Correlation of Twitter sentiments with the evolution of cryptocurrencies

Context and goal of the project

This project is part of the Web Mining course at the HEIG-VD for the MSE HES-SO. The students realizing the project are Antoine Drabble & Sébastien Richoz.

A cryptocurrency is a controversial digital asset designed to work as a medium of exchange that uses strong cryptography to secure financial transactions, control the creation of additional units, and verify the transfer of assets. Cryptocurrencies are extremely volatile. Four years of volatility in the stock market can be covered in a month of pricing movements in the cryptocurrency markets.

Twitter is an online news and social networking service on which users post and interact with messages known as "tweets". It is also the primary channel of communication for cryptocurrencies. Many important news are relayed (retweeted) by thousands of user and can reach a very large audience. For example, John McAfee, who has 828'338 followers at the moment, is a famous cryptocurrency user. His tweets can affect the course of a cryptocurrency up to more than 100% due to his huge audience. There are many other influential Twitter users.
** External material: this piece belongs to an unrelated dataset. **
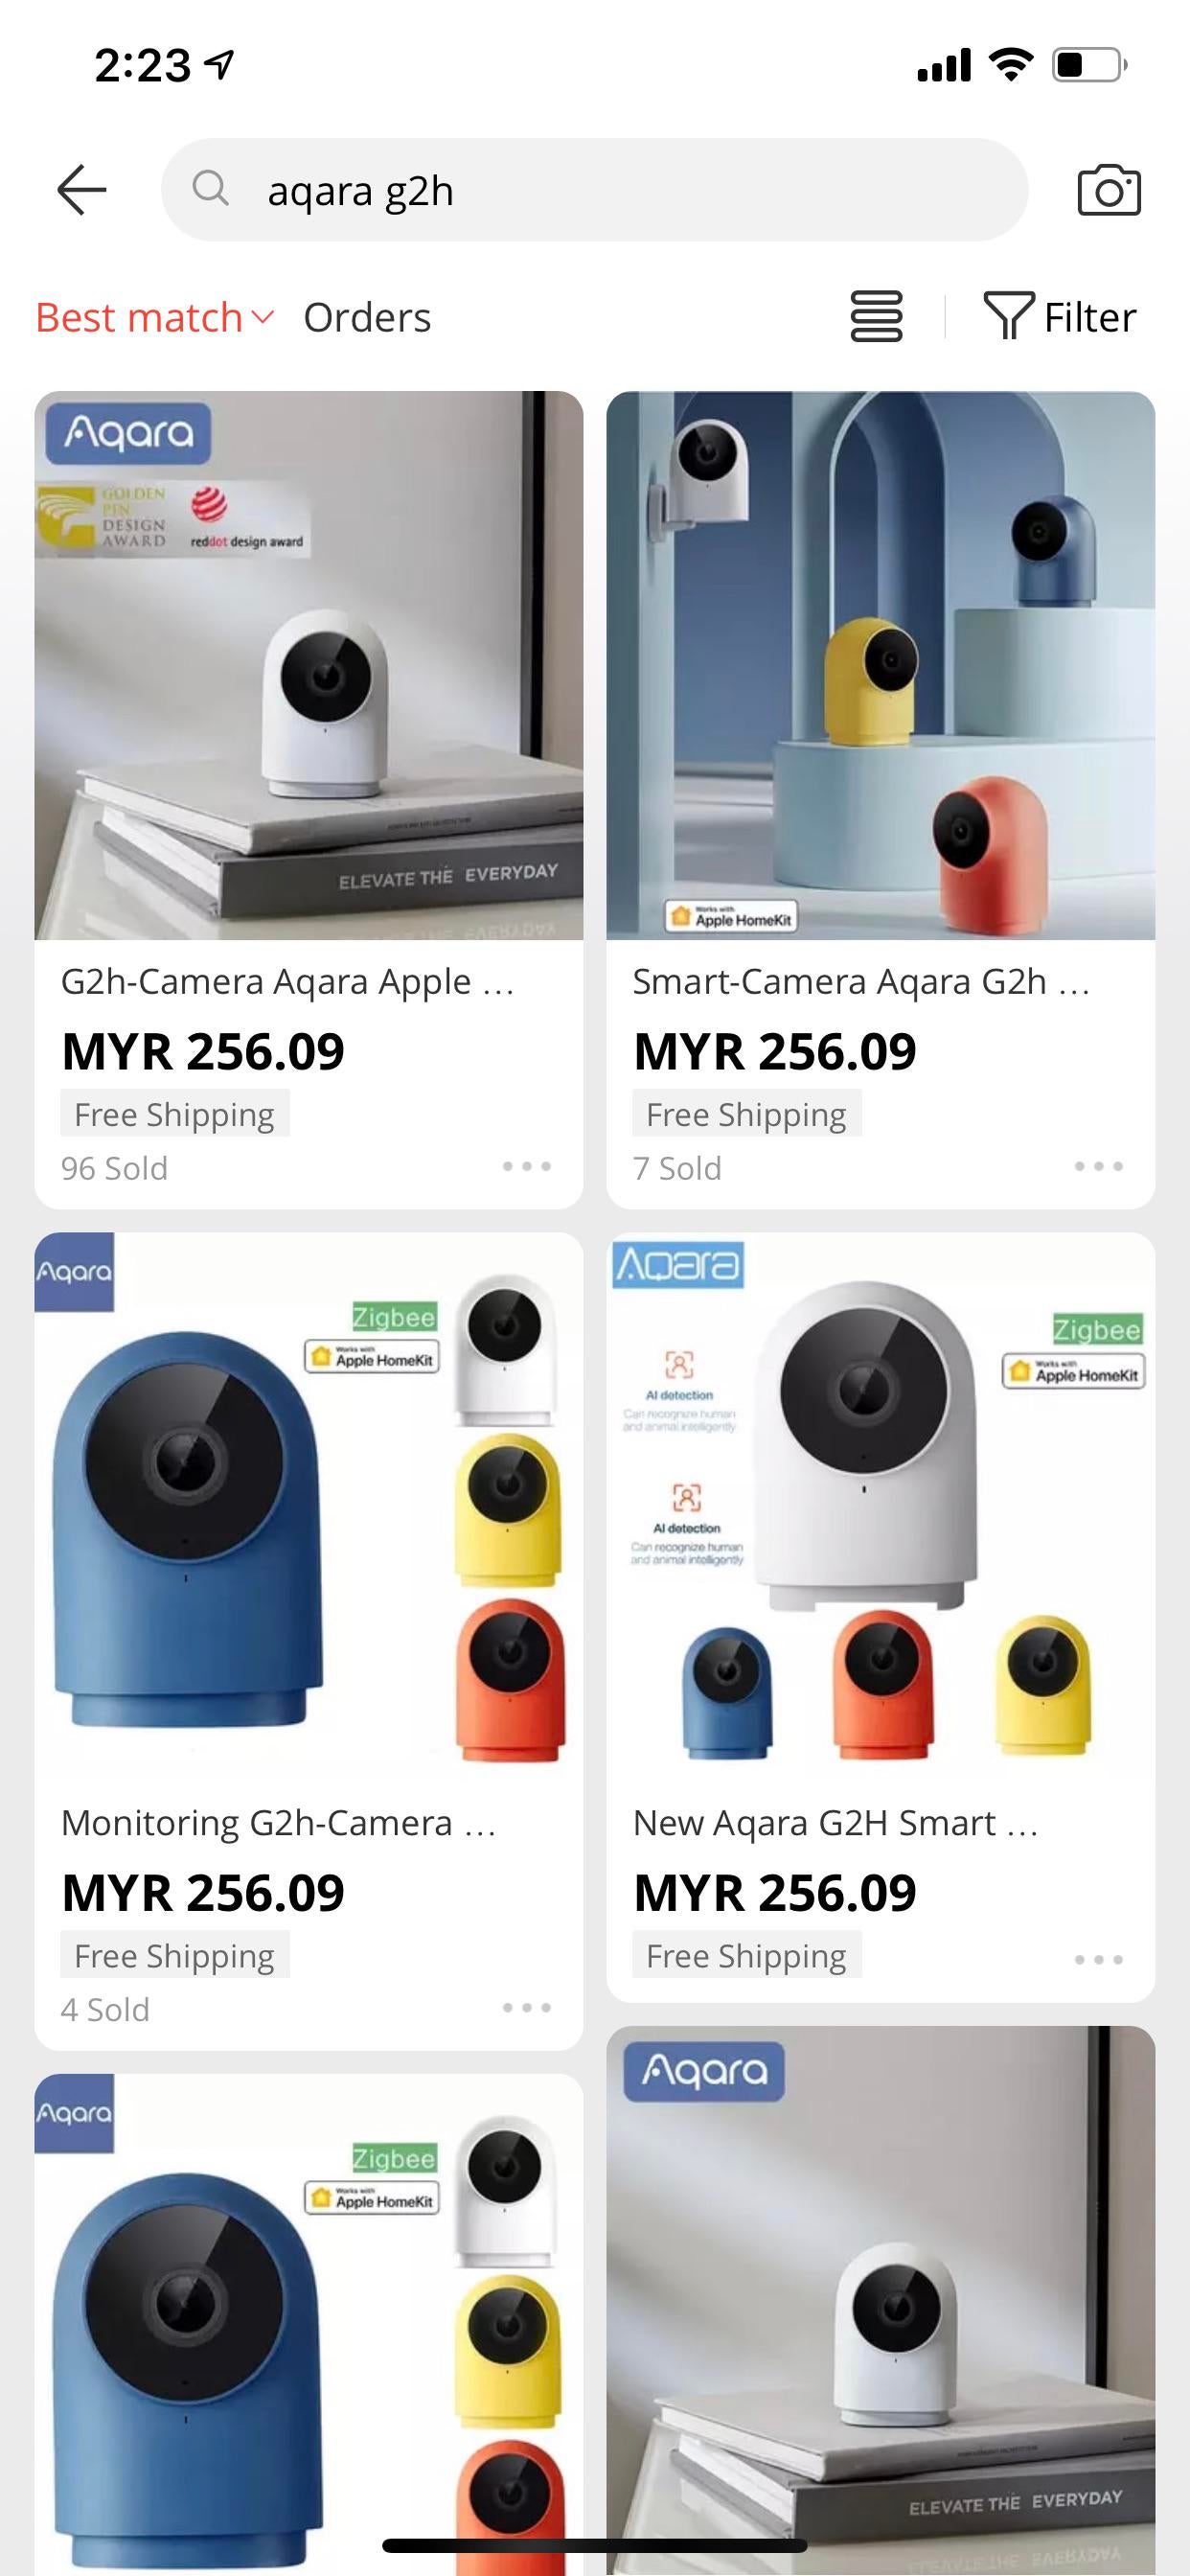 cheapest homekit camera

The goal of this project is to propose a tool to visualize the correlation between cryptocurrencies' price in USD and a score based on the sentiment analysis of tweets, the number of followers of the user, the number of retweets and the number of likes.

In the first part we will make an historical analysis of the correlation.

In the second part we will propose a tool for the realtime visualisation of the evolution of tweets scores with cryptocurrency's price in USD.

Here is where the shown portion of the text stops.